今回の技術は、2024年10月にブラジル・イグアスで開催される第34回国際化粧品技術者会連盟(IFSCC)学術大会でも発表される見通しです。
研究の目的と必要性
紫外線は、特に将来の肌トラブルの一因とも言われています。幼少期から紫外線ケアを開始することが重要ですが、子供の肌は敏感であるため、刺激をできるだけ避ける化粧品の開発が求められています。従来の製品は、紫外線吸収剤や散乱剤を界面活性剤と共に配合することが多く、これが敏感肌にとっては問題となることもありました。

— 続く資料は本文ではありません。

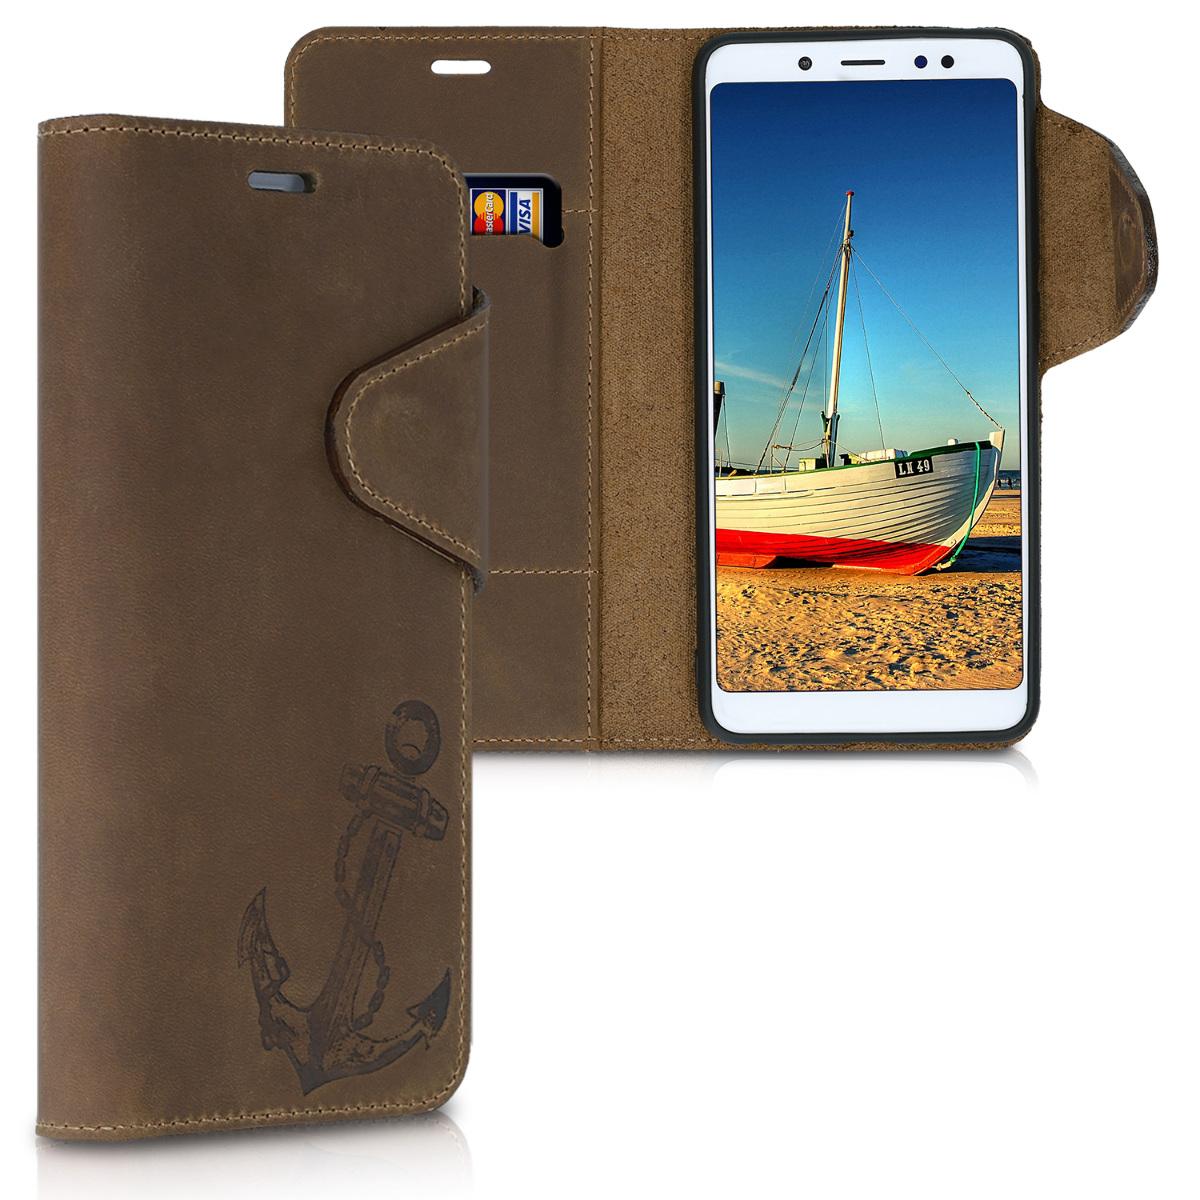 Kalibri Δερμάτινη Suede Θήκη - Πορτοφόλι Xiaomi Redmi Note 5 (Global Version) / Note 5 Pro - Brown (47462.01)

そこで、コーセーは様々な試行錯誤を重ね、今回の皮膜形成剤の開発に至ったのです。この製品は、サンプルを通じて従来製品との比較テストを行い、実際に肌に接触した際のUVカット効果の違いを測定しました。それにより、開発品がより一貫した効果を発揮することが確認されています。
科学的検証による信頼性
開発したファンデーションを使った実験では、肌のような柔軟性を持つモデルに対して塗布した後、疑似皮脂を施したところ、従来製品に比べて開発品の方がUVカット効果の低下が少ないことが判明しました。また、紫外線散乱剤の均一分散が確認され、均一な塗布膜とその効果が維持されることが示されました。
さらに、使用した11人の肌負担について調査を行った結果、開発品の方が塗布膜の硬さが少なく、肌ストレスを感じないという声が寄せられました。このフィードバックは、今後の製品開発にとって重要な基盤となるでしょう。
今後の展望
コーセーは、この新しい皮膜形成剤がファンデーションだけでなく、日焼け止めなどさまざまな化粧品にも応用可能であると考えています。特に子供や敏感肌の人々に対する化粧品の価値向上が期待されており、今後も顧客のニーズに応じた製品の開発を進めていくとしています。
肌に優しい化粧品の実現は、今回の技術によって新たな局面を迎えました。コーセーの今後の展開に大いに注目したいところです。